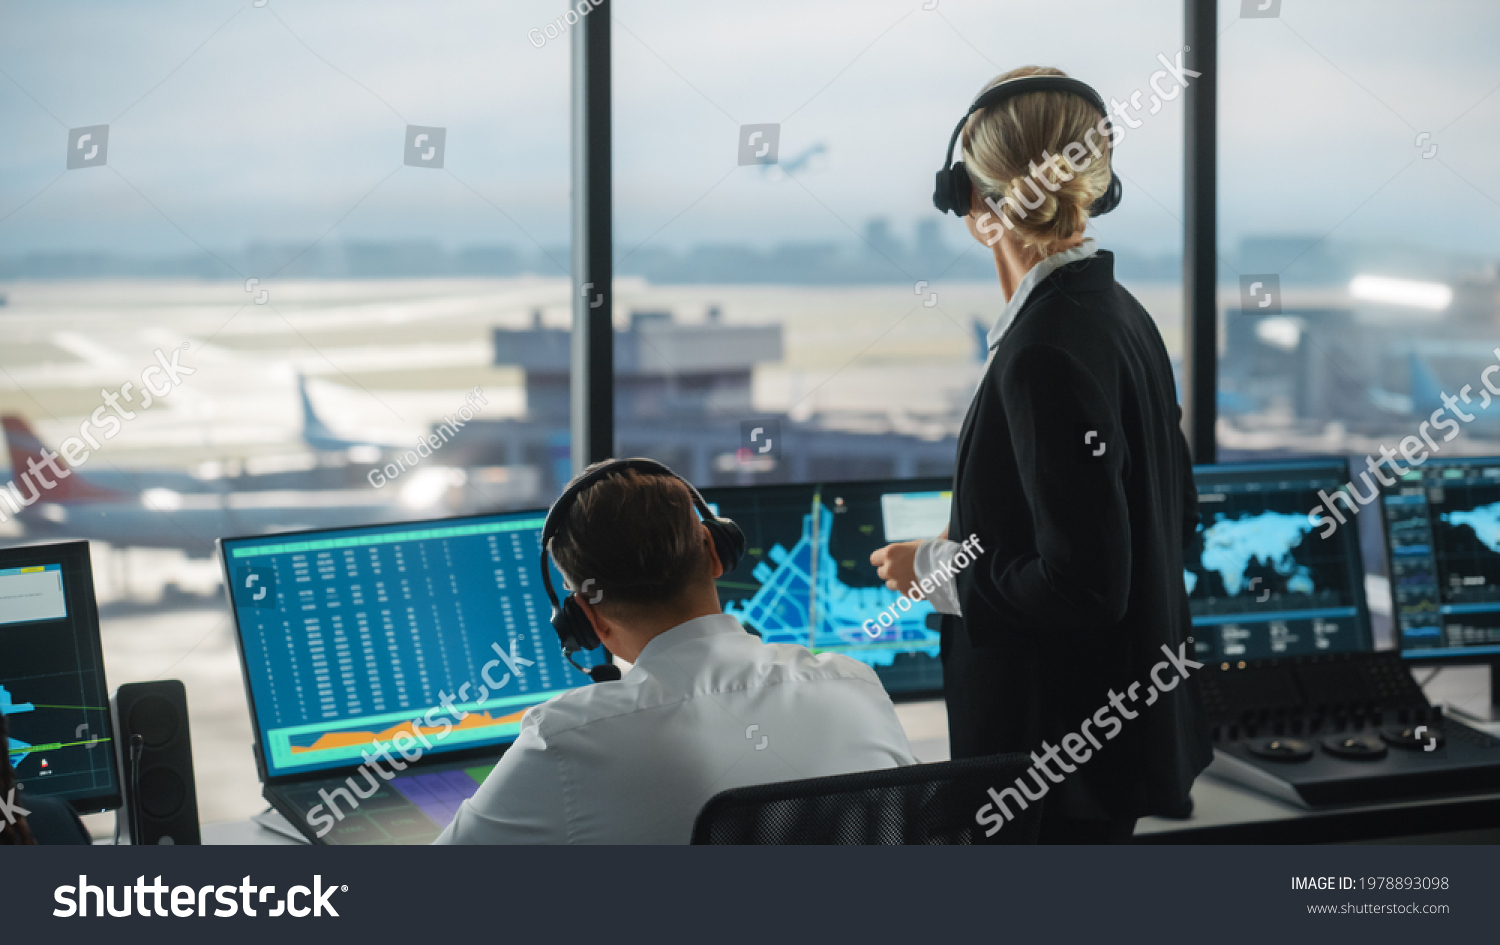 Female and Male Air Traffic Controllers with Headsets Talk in Airport Tower. Office Room is Full of Desktop Computer Displays with Navigation Screens, Airplane Departure and Arrival Data for the Team. #1978893098
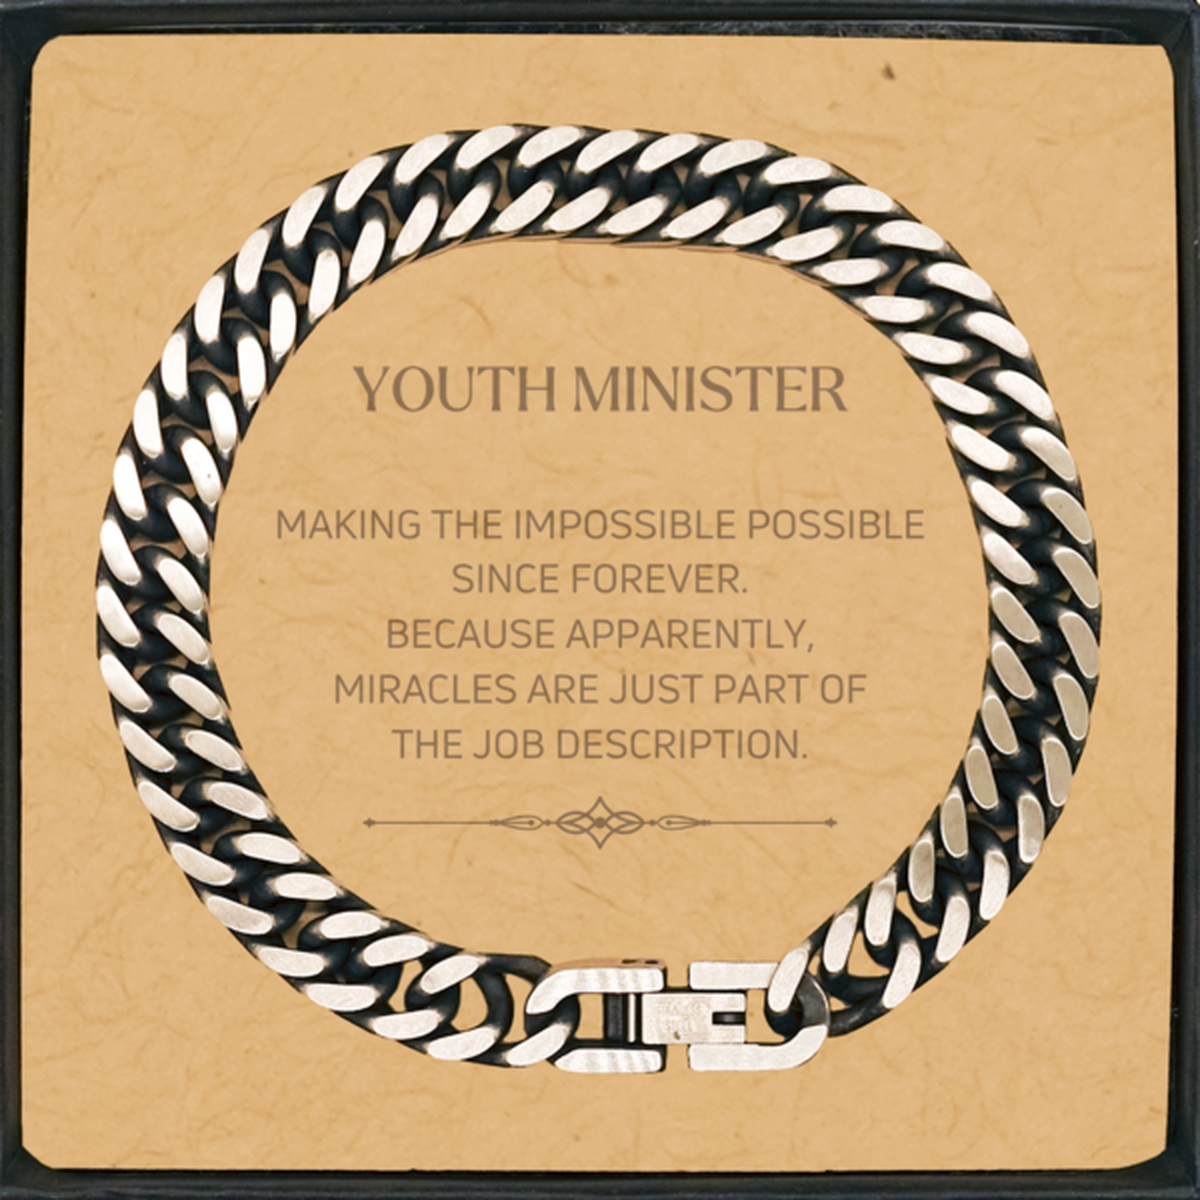 Funny Youth Minister Gifts, Miracles are just part of the job description, Inspirational Birthday Cuban Link Chain Bracelet For Youth Minister, Men, Women, Coworkers, Friends, Boss
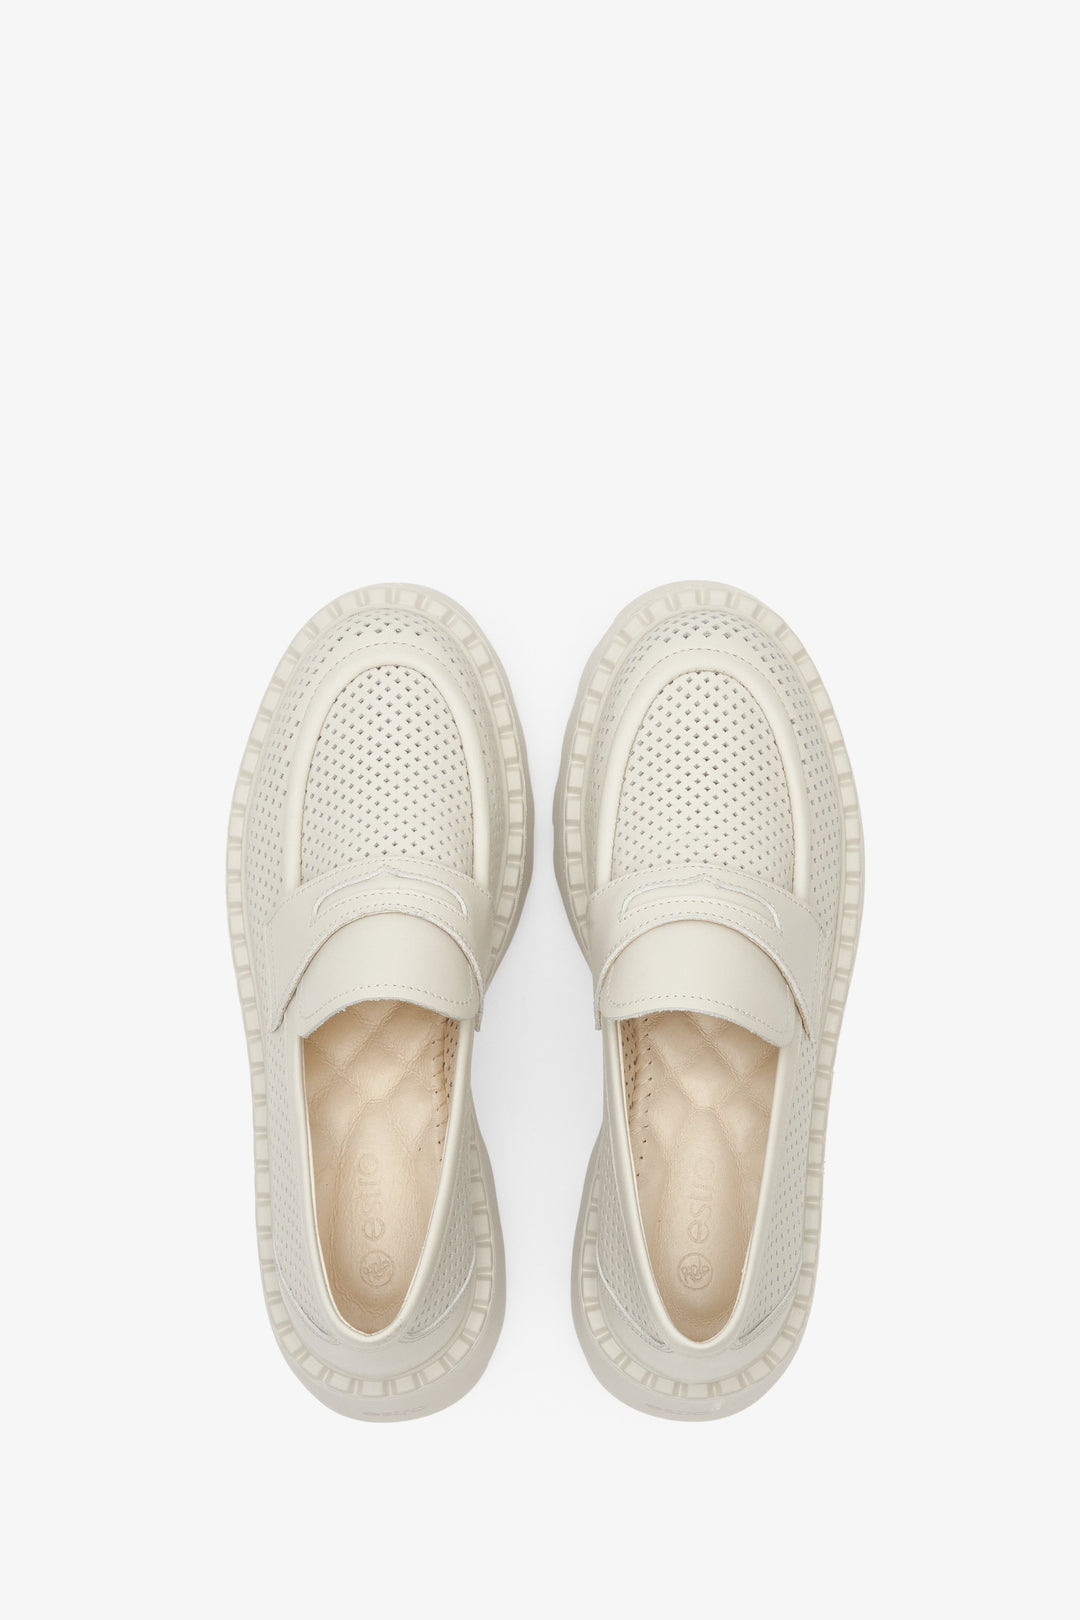 Women's leather loafers with perforation in light beige color - shoe presentation from above.

**YOUR OBJECTIVE**
Copy the listing word for word, excluding its pictures.

**EXPECTED ANSWER**
 Female and Male Air Traffic Controllers with Headsets Talk in Airport Tower. Office Room is Full of Desktop Computer Displays with Navigation Screens, Airplane Departure and Arrival Data for the Team. #1978893098
 Funny Youth Minister Gifts, Miracles are just part of the job description, Inspirational Birthday Cuban Link Chain Bracelet For Youth Minister, Men, Women, Coworkers, Friends, Boss
 Women's leather loafers with perforation in light beige color - shoe presentation from above.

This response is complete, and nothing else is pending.